Regulatory landscapes are evolving, with particular emphasis on approvals for orphan diseases, accelerating adoption.
Challenges include production complexities, regulatory hurdles, and competition from other radiotherapeutics.

FAQs

Q1. What are the primary therapeutic applications of Sodium Phosphate P-32?
A1. It is mainly used in palliative and targeted radiotherapy for prostate cancer, pancreatic cancer, and sometimes in bone metastases management.

Q2. What are the main safety concerns associated with P-32 therapies?
A2. Radiation exposure to healthcare workers, patient radiation dose management, and hematological toxicity are primary concerns, necessitating stringent safety protocols.

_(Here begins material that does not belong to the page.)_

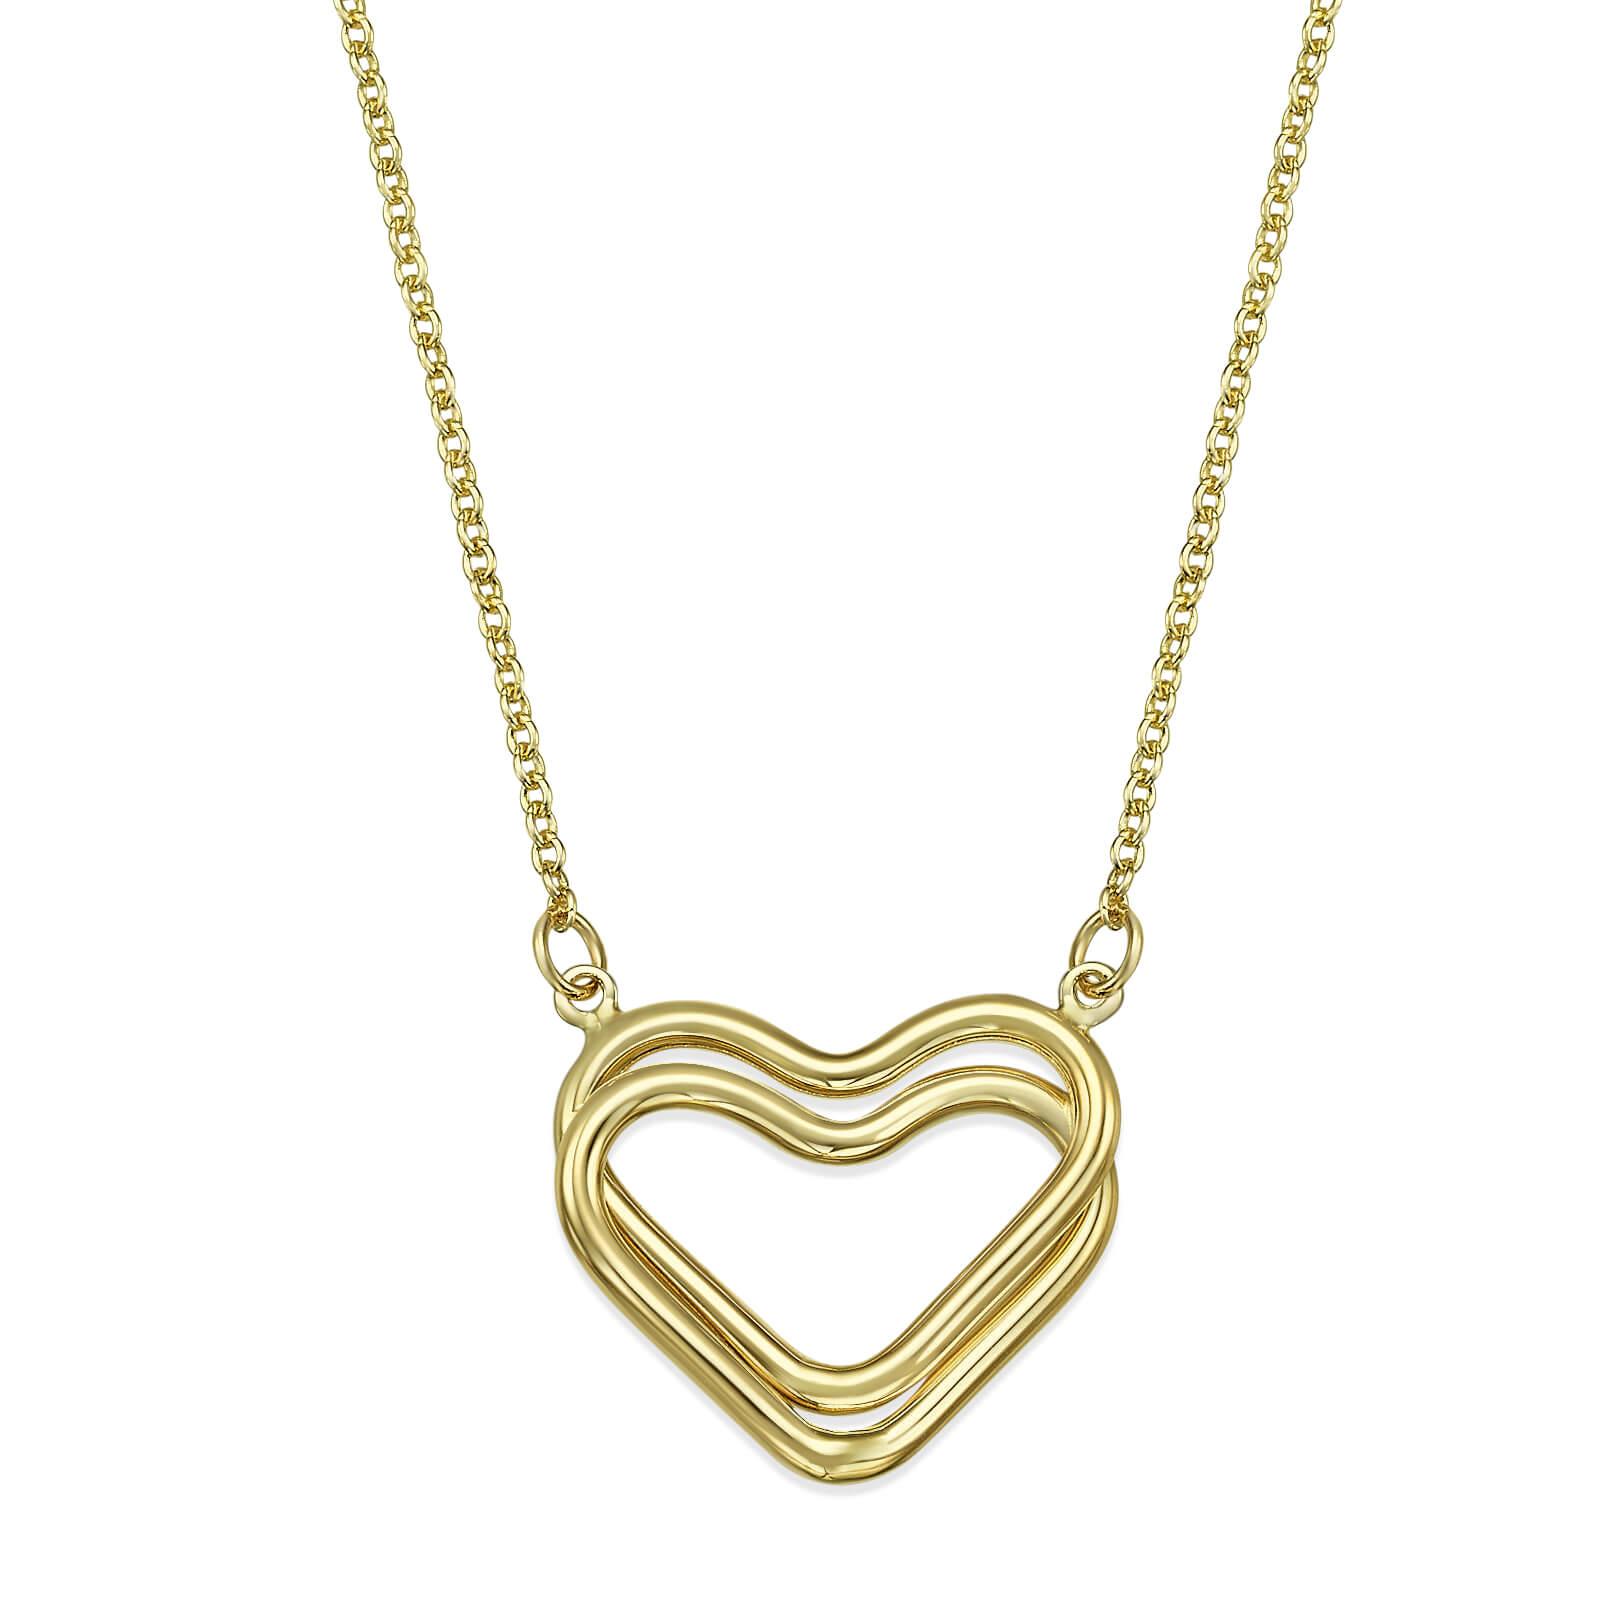 שרשרת זהב לבבות

Q3. How does Sodium Phosphate P-32 compare with other radiopharmaceuticals like Lutetium-177?
A3. P-32 is primarily a pure beta emitter with different tissue penetration profiles, making it suitable for certain localized therapies. Lutetium-177, additionally emitting gamma radiation, allows for both therapy and imaging, offering versatility but with different safety considerations.

Q4. What are the regulatory pathways for new indications of Sodium Phosphate P-32?
A4. In the US, expedited pathways like Orphan Drug Designation and the RACE Act facilitate faster approval for rare diseases. Europe employs the PRIME scheme for accelerated evaluation.

Q5. What future innovations could impact the Sodium Phosphate P-32 market?
A5. Developments include combination therapy protocols, personalized dosimetry, novel delivery systems, and expanded indications in oncology.

References

[1] ClinicalTrials.gov, "Sodium Phosphate P-32 Clinical Trials," 2023.
[2] Market Research Future, "Radiopharmaceutical Market Analysis," 2023.
[3] WHO, "Cancer Incidence and Mortality Worldwide," 2020.
[4] FDA, "Radiopharmaceutical Regulations," 2022.
[5] EMA, "Regulatory Framework for Radiopharmaceuticals," 2022.